Perhaps it's expected that when you use Hugo, you already recognize most concepts from other static site generators?

1 comments

No, even with past static site generator experience, it can still be a struggle.

I had extremely extensive experience with Movable Type, which was a once-hugely-popular blogging platform / CMS / static site generator. And by "extremely extensive", I mean I worked for the company that made the software, in their Services org which built Movable Type-driven sites for major media partners.

Despite this, and also already having Golang html/template experience, Hugo's docs and concepts were still very difficult for me to learn!

Almost off-topic, but I continue to be mildly surprised that there's so few "modern" blogging platform/site generators that use Movable Type's model: a full user-friendly publishing/admin back end, backed by a database rather than flat files, but still basically generating static files for output. The SSGs that Jekyll arguably led the rise of have still largely stayed in the realm of developer tooling -- edit a directory of flat files and do testing, building and deployment from the command line. There's a few PHP-based systems out there that buck this trend, but they seem to mostly be commercial products pitched at small web design firms (e.g., Kirby, Statamic, Craft).
One of the big reasons I lean toward static sites for my stuff is that you can host them out of an S3 bucket or similar with no dynamic endpoints whatsoever. This is a huge win for security for projects that I don't have time to keep constantly updating. A web-based admin backend largely eliminates that value unless it's run off a separate port that I can firewall, and even then I have to be sure I firewalled it correctly.

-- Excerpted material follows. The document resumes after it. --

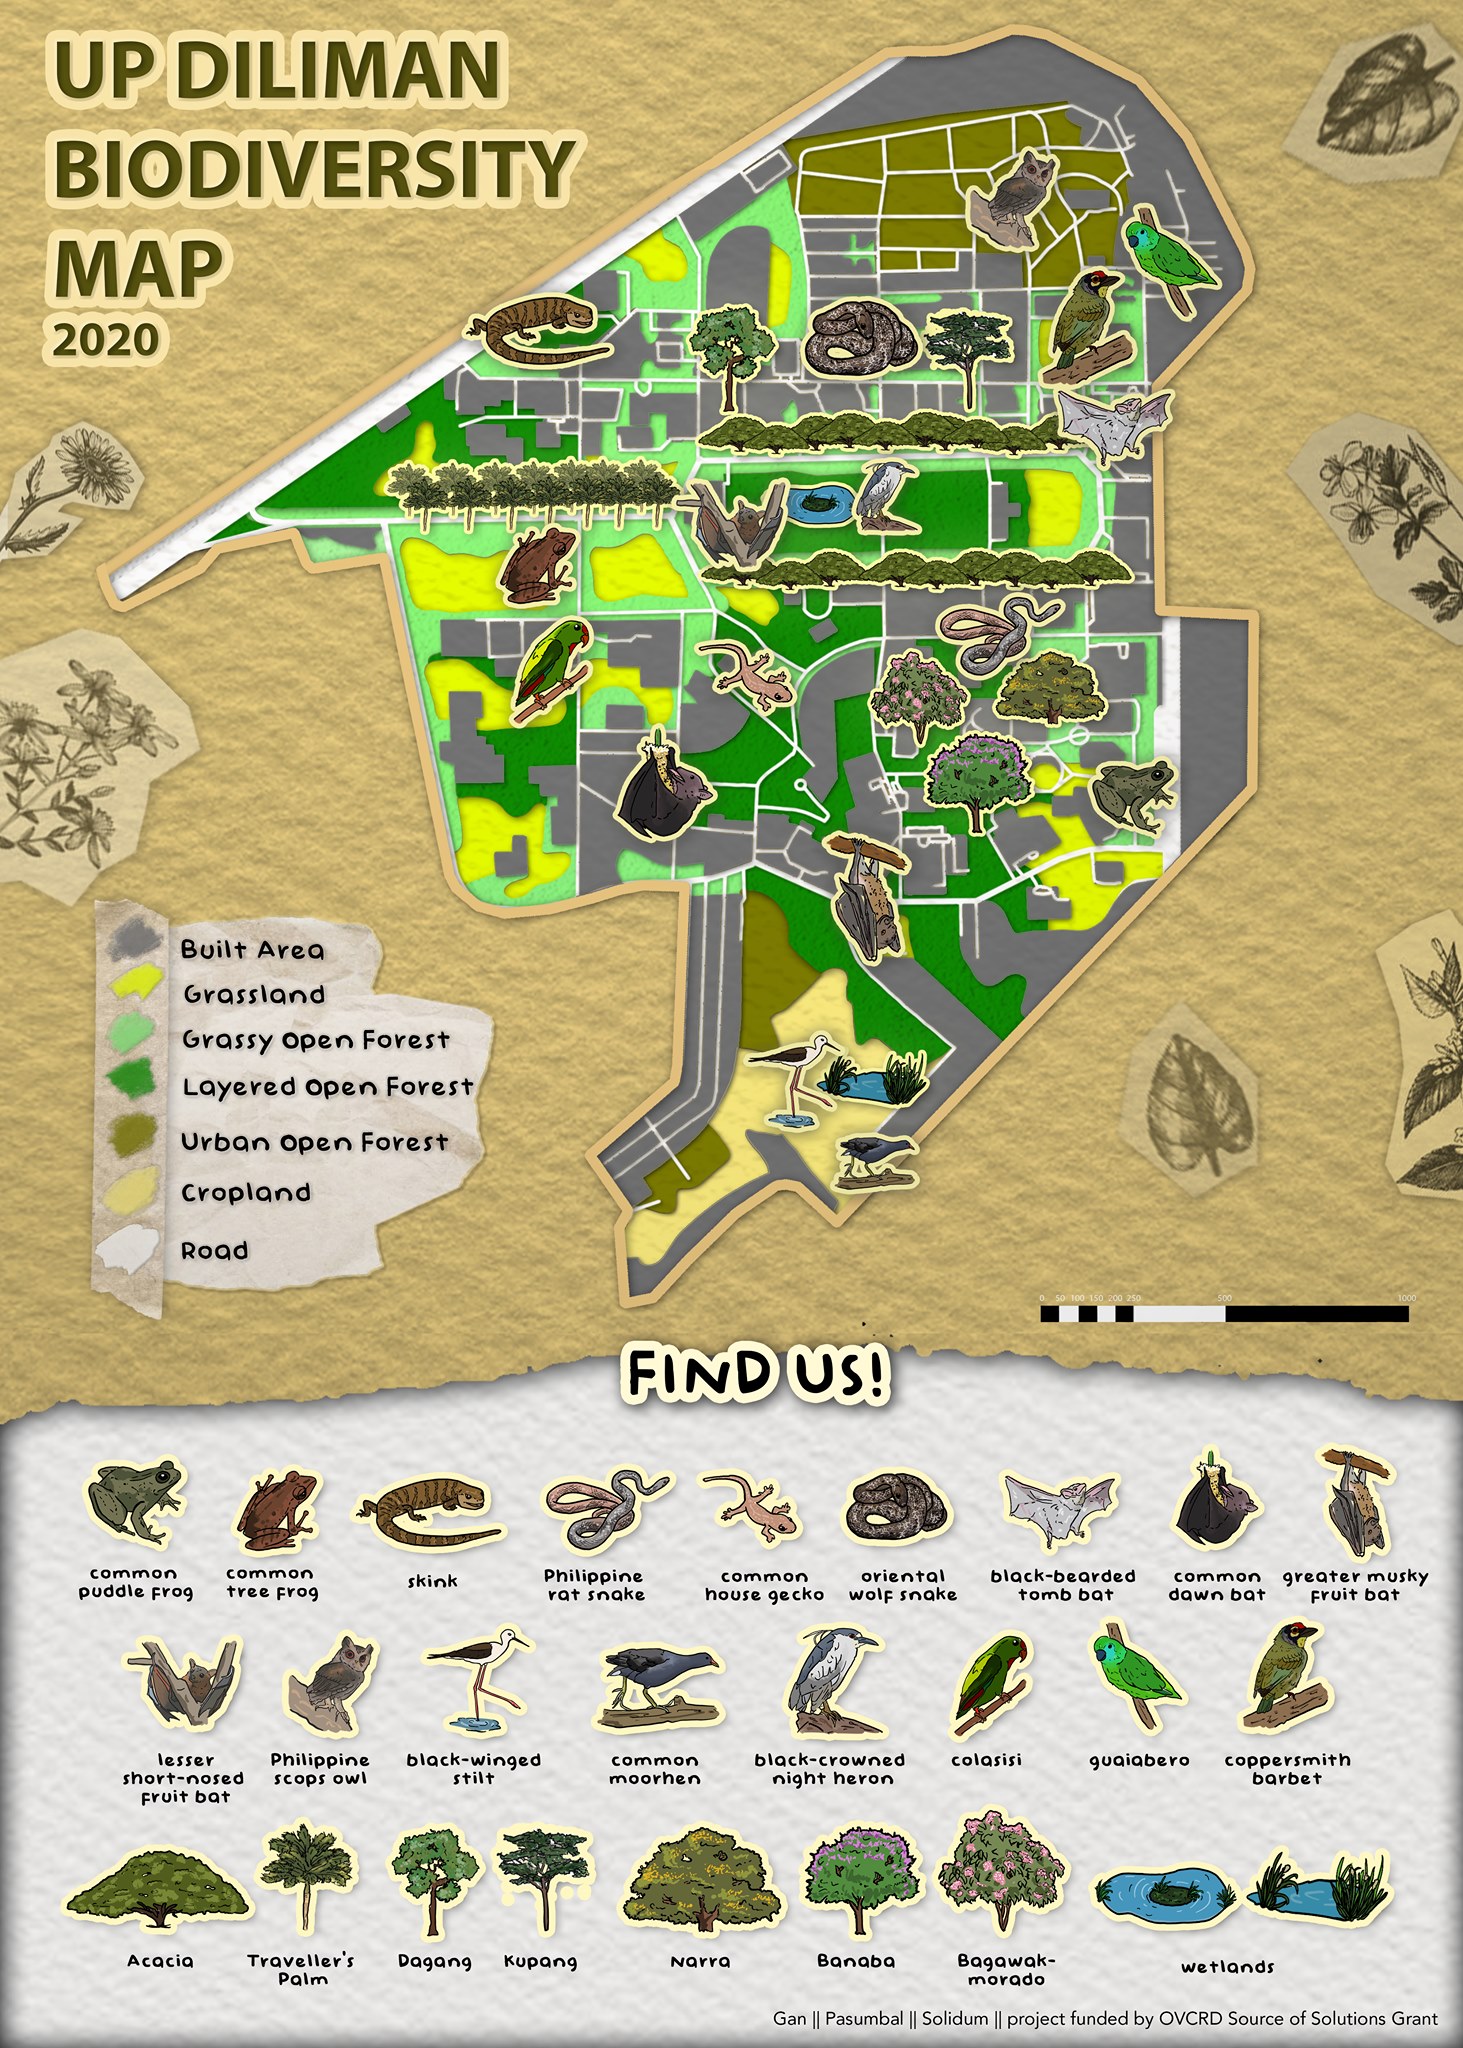 UP Diliman Biodiversity Map (Gan, Pasumbal Solidum) / FB.com/UPWild

There is a space that I'd like to explore, though, and that's having a static site generator that is built into a desktop-based GUI. My dream is to get the brain-dead security of an SSG without having to fiddle about with files and folder structures.

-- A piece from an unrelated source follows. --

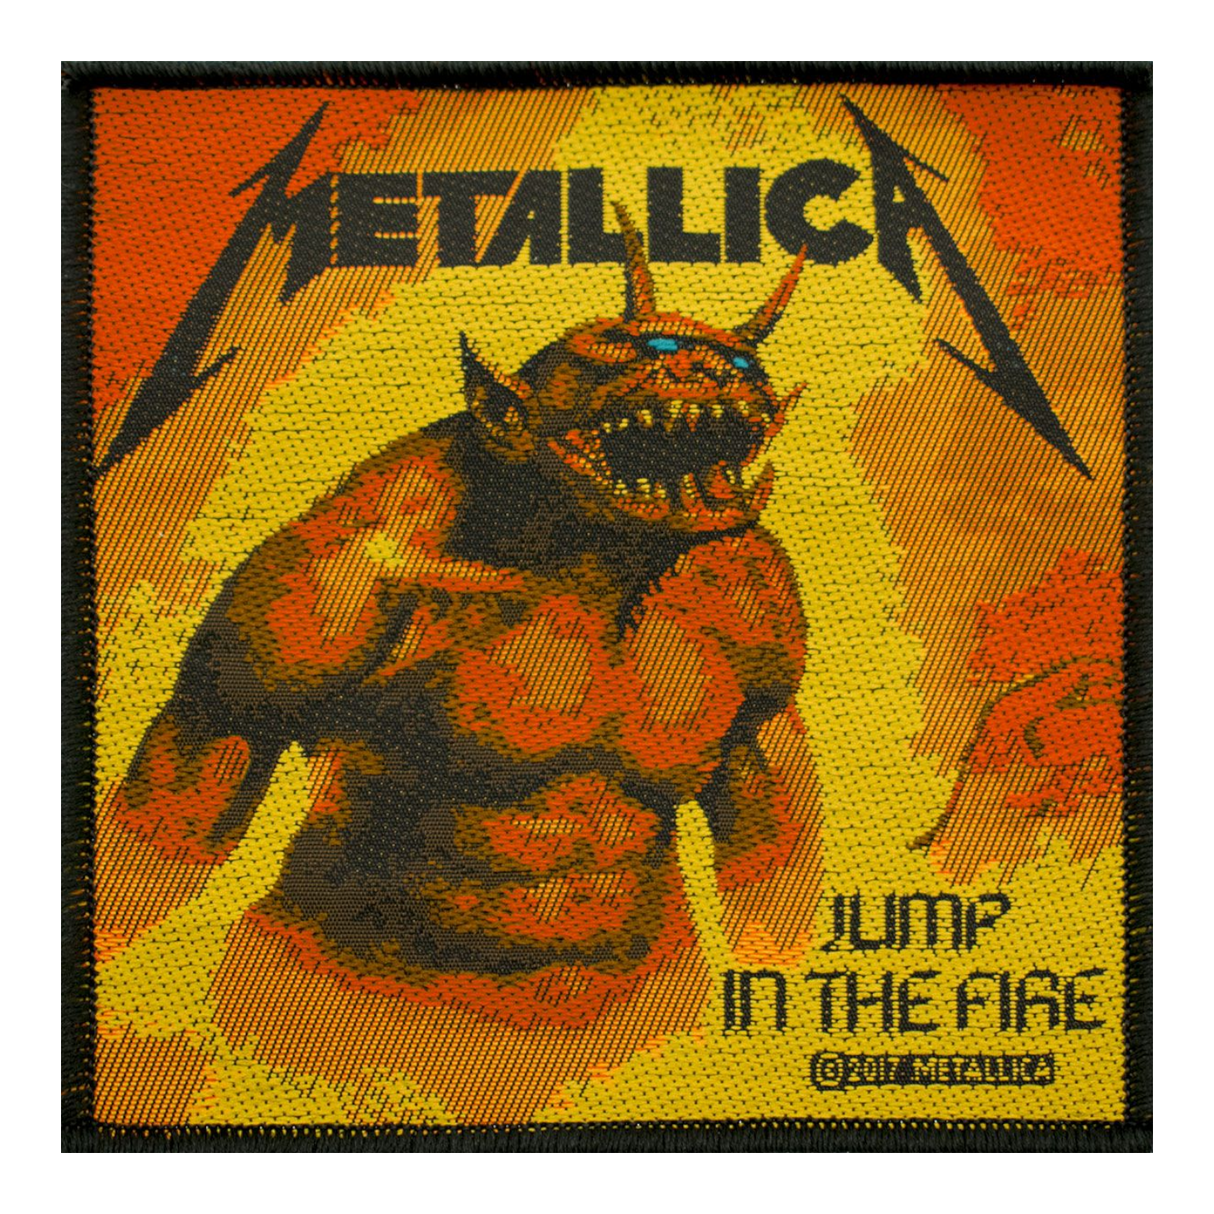 Patch Metallica - Spring in het vuur

Lektor, a Python-based SSG that I've used in the past, actually had a self-contained Mac app for a while that was maybe 75% of the way toward that. (IIRC, the app didn't let you edit templates and most site-level configuration; the idea was more that you got things set up in a more programmer-nerd way first and then used the app for site maintenance/deployment.) Unfortunately, the app broke a few years back and nobody left developing Lektor seems motivated to fix it.

I've seen one other SSG that has an app, Publii, but I've never used it. My impression is that it wasn't as full-featured as Lektor, which could be made to do a lot of neat things. Although if Publii's app still works, that's one big thing Lektor doesn't have, so... :P

https://www.kickstarter.com/projects/1749618880/webhook

RIP - 5 or 6 years ahead of its time.